Malgrado le grandi tentazioni cui ogni giorno la vita di corte certamente la esponeva, il cuore di questa donna è
unicamente posseduto dall’amore del suo Dio e del suo popolo.
All’inizio del primo libro di Samuele troviamo Anna, moglie di uno zufita delle montagne di Efraim, un’altra
donna sterile, come le spose dei patriarchi... Essa, umiliata e disprezzata per questa sua condizione, va a
sfogare la sua angoscia davanti al Signore nel santuario di Silo. Là osa pronunciare un voto: «Signore, se vorrai
ricordarti di me [...], se darai alla tua schiava un figlio maschio, io lo offrirò al Signore per tutti i giorni della sua
vita». La sua preghiera di povera è esaudita e Anna mantiene il voto. Dopo lo svezzamento, offre il piccolo
Samuele al Signore per tutti i giorni della sua vita. Al momento dell’offerta, dal suo cuore e dalle sue labbra
sgorga un bellissimo cantico di ringraziamento, il primo Magnificat: «Il mio cuore esulta nel Signore, / la mia
fronte s’innalza grazie al mio Dio [...]. / L’arco dei forti s’è spezzato, / ma i deboli sono rivestiti di vigore» (
1Samuele 2,14).
In uno scenario di povertà e di debolezza si apre anche il libro di Rut: Noemi, emigrata in terra di Moab, rimasta
vedova, senza figli e senza nipoti, decide di far ritorno alla sua terra d’origine... Benché si avvii da un paese
straniero verso la terra dei suoi padri, non parte sospinta dalla speranza, bensì con l’animo abbattuto di chi si
sente sconfitto dalla vita. Ma Rut, la nuora, tenacemente fedele, la segue: «Dove andrai tu andrò anch’io; dove
ti fermerai mi fermerò; il tuo popolo sarà il mio popolo e il tuo Dio sarà il mio Dio; dove morirai tu, morirò
anch’io e vi sarò sepolta» (1,16-17).
Ed ecco le due donne giungere a Betlemme al tempo della mietitura dell’orzo: bellissimo segno di speranza.
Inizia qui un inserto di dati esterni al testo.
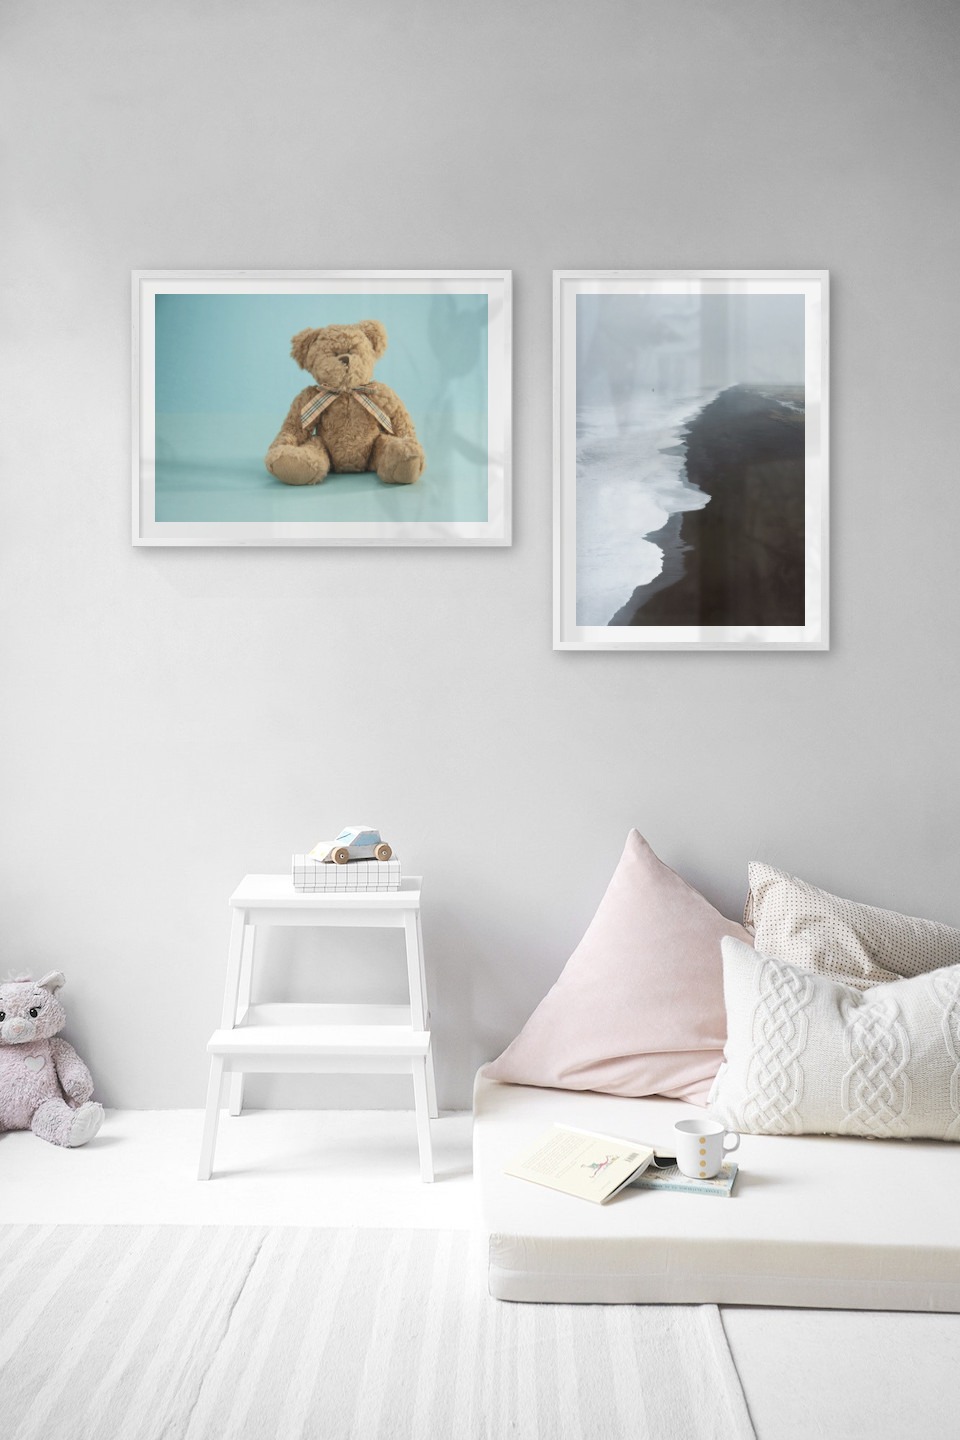 Gallery wall with picture frames in silver in sizes 50x70 with prints "Teddy bear and blue" and "Black beach"

Rut
va a spigolare dietro i mietitori, con l’umiltà di chi è consapevole non solo di essere povera, ma anche di essere
straniera.
Sollecita e riservata, viene definita donna virtuosa (cf. 3,11): donna forte nel bene, forte nella mansuetudine,
nella bontà, nell’amore fino al sacrificio. Ed è per questo che trova grazia agli occhi di Booz, il padrone del
campo e suo parente prossimo con il «diritto di riscatto».Quando egli – alla porta della città secondo il rito in
uso in Israele – dichiara di volerla prendere come sposa, gli anziani pronunziano un bellissimo augurio
benedicente: «Il Signore renda la donna, che entra in casa tua, come Rachele e Lia, le due donne che
fondarono la casa d’Israele» (4,16).
Così Rut entra nel solco delle generazioni d’Israele, diventa antenata di Cristo, anzi, entra nel Nuovo
Testamento, perché il suo nome compare nella genealogia del nato Messia (cf. Matteo 1, 1-17). Non con le
parole, ma con la sua stessa vita, Rut intona uno splendido cantico all’amore provvidente e gratuito di Dio; un
cantico che potrebbe esprimersi così: Dio d’Israele, Dio di tutte le genti, Tu, che mi hai guardata nella mia
estrema povertà di vedova e straniera, Tu, che mi hai condotta fuori dalla mia terra, dal mio popolo e dalla
casa di mio padre, Tu, che mi hai accolta all’ombra delle tue ali, Tu, che mi hai nutrita con il pane della terra
promessa, Tu, che mi hai consolata dandomi una insperata prole, Tu, che mi hai onorata dandomi il tuo Nome,
Tu che sei il Benedetto e la fonte d’ogni bene: accogli il mio rendimento di grazie!